Cleaning Occurrences
====================

Introduction
------------
One of the first steps in creating
:term:`species distribution models<Species Distribution Model>`, let alone
multi-species analyses, is acquiring and preparing specimen occurrence records.  There
are multiple method for acquiring these raw specimen records such as aggregator
downloads or API calls but once you have the raw data, you need to assemble your entire
dataset, which involves converting records to a common format, grouping, and cleaning.
The lmpy library provides tools for performing these aggregation and cleaning steps to
greatly simplify the process for the user.
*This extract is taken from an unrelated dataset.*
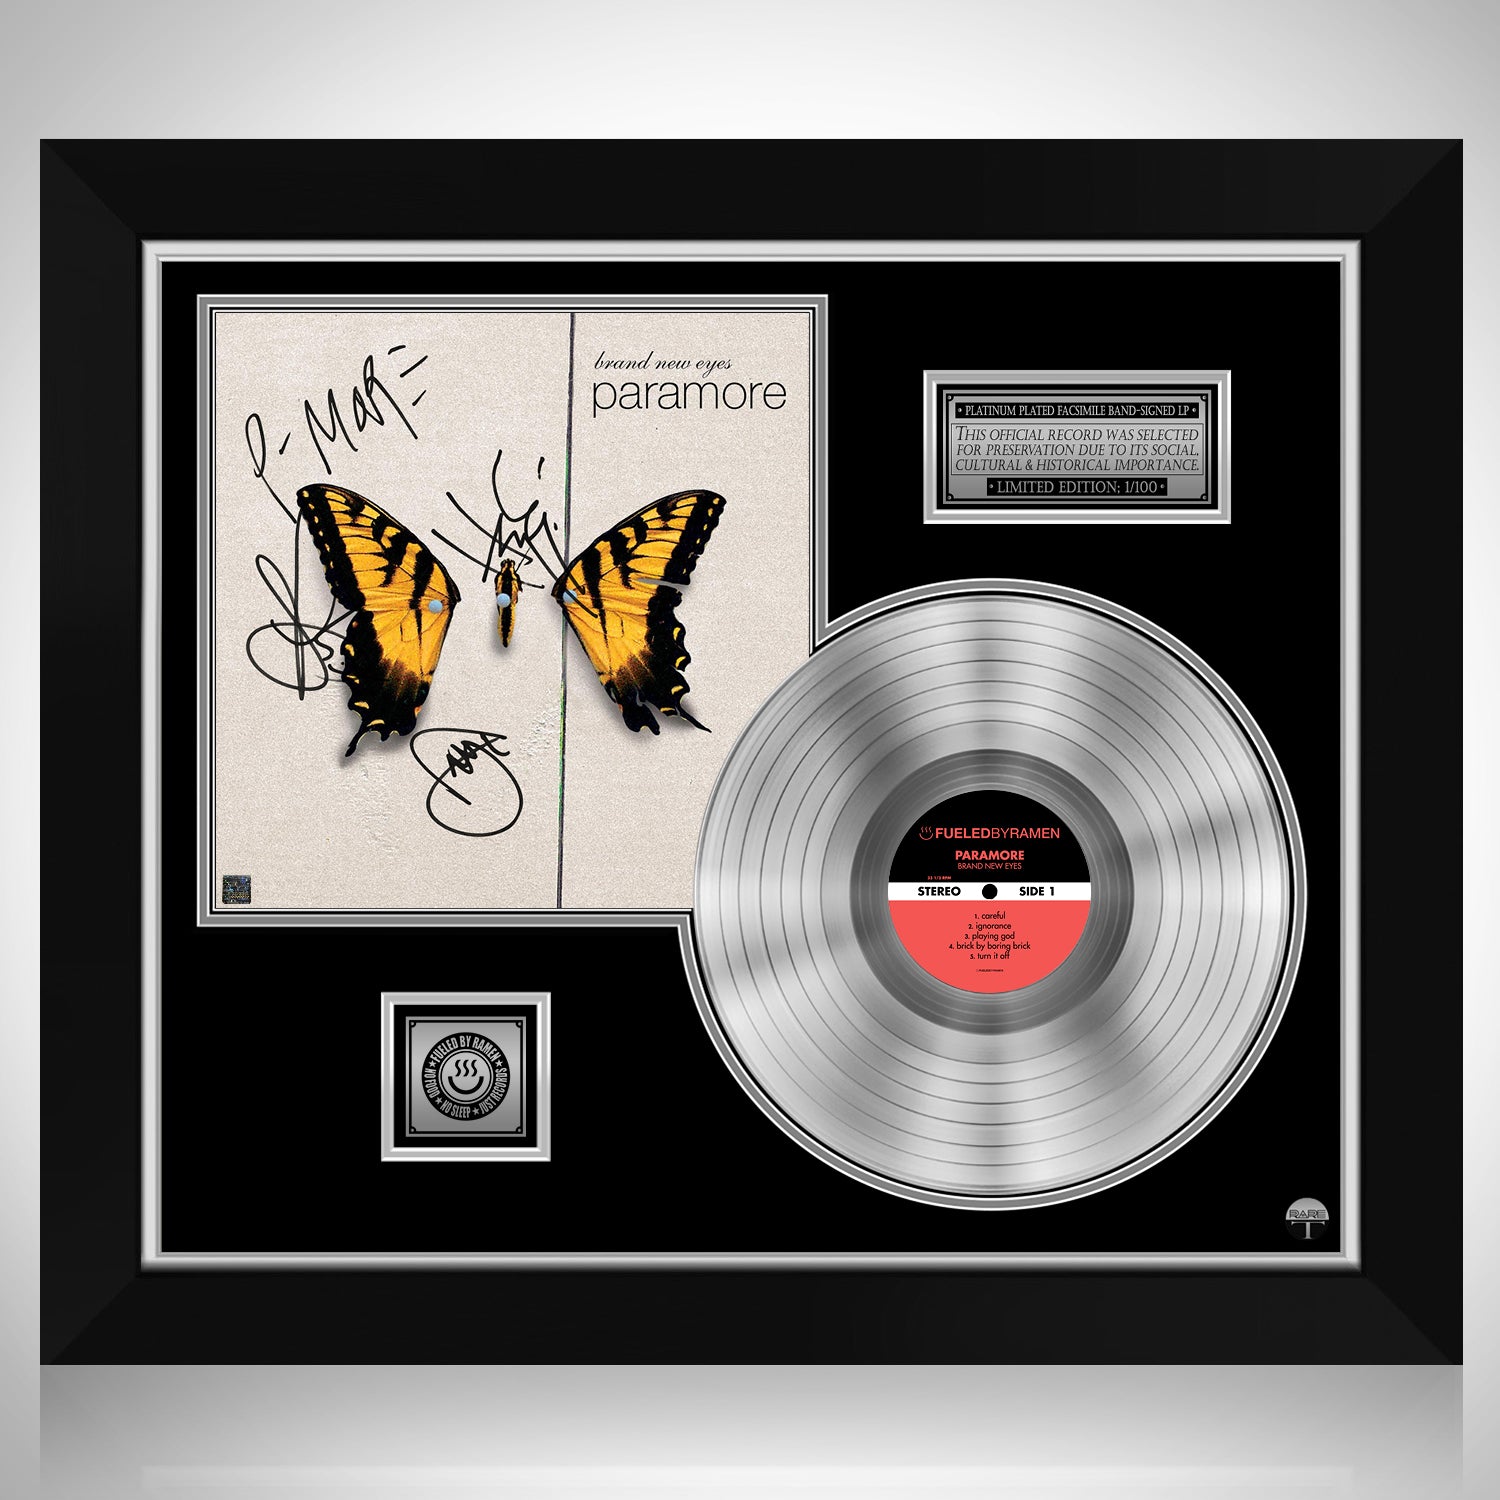 Paramore - Brand New Eyes Vinyl Record LP Album

Occurrence Data Wrangler Configuration
--------------------------------------
You can either use the Data
`Wrangler Factory <../autoapi/lmpy/data_wrangling/factory/index.html#lmpy.data_wrangling.factory.WranglerFactory>`_
or instantiate occurrence data wrangler classes directly.  We will use the factory for
this example with the configuration below.

  .. code-block:: json

    [
        # Decimal precision
        dict(
            wrangler_type='DecimalPrecisionFilter',
            decimal_places=4
        ),
        # Bounding box
        dict(
            wrangler_type='BoundingBoxFilter',
            min_x=0.0,
            min_y=-90.0,
            max_x=180.0,
            max_y=0.0
        ),
        # Unique localities
        dict(wrangler_type='UniqueLocalitiesFilter')
    ]

Example - Console Script
------------------------
For this example, we will use the raw occurrence data found in the sample data
directory in lmpy at `occurrence/Crocodylus porosus.csv` and the example wrangler
configuration should be written to `./occurrence_wrangler_config.json`.  The cleaned
data will be written to `./clean_data.csv`.

 .. code-block:: bash

    $ wrangle_occurrences "./lmpy/sample_data/occurrence/Crocodylus porosus.csv" \
        ./clean_data.csv \
        ./occurrence_wrangler_config.json


Example - Python
------------------------
For this example, we will use the raw occurrence data found in the sample data
directory in lmpy at `occurrence/Crocodylus porosus.csv` and the example wrangler
configuration.  The cleaned data will be written to `./clean_data.csv`.

 .. code-block:: python

    from lmpy.data_wrangling.factory import WranglerFactory
    from lmpy.point import PointCsvReader, PointCsvWriter

    raw_occurrences_filename = './lmpy/sample_data/occurrence/Crocodylus porosus.csv'
    clean_occurrences_filename = './clean_data.csv'

    wrangler_config = [
        # Decimal precision
        dict(
            wrangler_type='DecimalPrecisionFilter',
            decimal_places=4
        ),
        # Bounding box
        dict(
            wrangler_type='BoundingBoxFilter',
            min_x=0.0,
            min_y=-90.0,
            max_x=180.0,
            max_y=0.0
        ),
        # Unique localities
        dict(wrangler_type='UniqueLocalitiesFilter')
    ]

    factory = WranglerFactory()
    wranglers = factory.get_wranglers(wrangler_config)
    with PointCsvReader(
        raw_occurrences_filename,
        'species_name',
        'x',
        'y'
    ) as reader:
        with PointCsvWriter(
            clean_occurrences_filename, ['species_name', 'x', 'y']
        ) as writer:
            for points in reader:
                for wrangler in wranglers:
                    points = wrangler.wrangle_points(points)
                if len(points) > 0:
                    writer.write_points(points)